# Bored at home- bad weather



## Lez325 (Dec 16, 2021)

So got the macro lens out and photographed my New Watch 

Sony a7Riv and Sony 90mm f2.8 macro lens - natural light from a window

f8 - 1/80th sec iso 2,500 hand held








Les


----------



## Jeff15 (Dec 16, 2021)

Nice shot.....


----------



## NS: Nikon Shooter (Dec 16, 2021)

-

You shouldn't sound so desperate being bored
cause you use the time well!


----------



## Lez325 (Dec 17, 2021)

NS: Nikon Shooter said:


> -
> 
> You shouldn't sound so desperate being bored
> cause you use the time well!


Thank you - I do try too   I am bored- this bad weather is preventing me visiting my usual wetland haunts


----------



## jeffashman (Dec 17, 2021)

Nicely done! How did you illuminate it?


----------



## K9Kirk (Dec 18, 2021)

jeffashman said:


> Nicely done! How did you illuminate it?


I would bet my paycheck he used light.     😜  Sorry, couldn't resist. I know, me be such a smert-arse. 

Nice shot ... and watch.


----------



## Lez325 (Dec 22, 2021)

jeffashman said:


> Nicely done! How did you illuminate it?
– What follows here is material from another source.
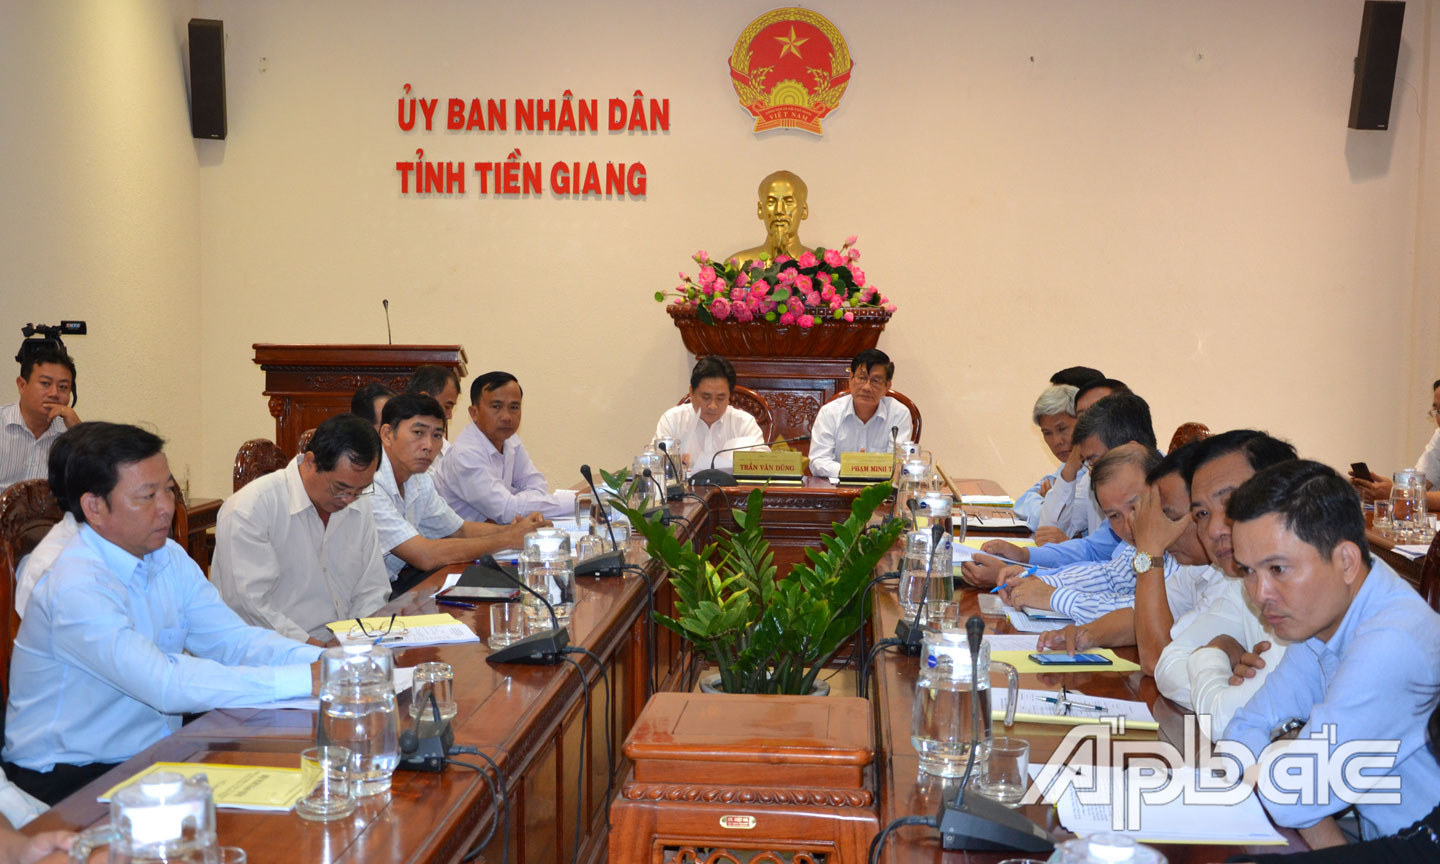 Quang cảnh hội nghị tại điểm cầu Tiền Giang.

Natural daylight in my conservatory


K9Kirk said:


> I would bet my paycheck he used light.     😜  Sorry, couldn't resist. I know, me be such a smert-arse.
> 
> Nice shot ... and watch.


You just lost your paycheck Buddy- natural light only, as a direct or even diffused flash would result in a hot spot or two on the watches glass face 

Glad you like my new watch and the image too Kirk- thank you 


Les


----------



## K9Kirk (Dec 22, 2021)

Lez325 said:


> Natural daylight in my conservatory
> 
> You just lost your paycheck Buddy- natural light only, as a direct or even diffused flash would result in a hot spot or two on the watches glass face
> 
> ...


Ummm, natural light _is_ light, isn't it??? I want my $2!!


----------



## Lez325 (Dec 23, 2021)

K9Kirk said:


> Ummm, natural light _is_ light, isn't it??? I want my $2!!


  Oh I see where you went with this Buddy- $2 in the post 

Les


----------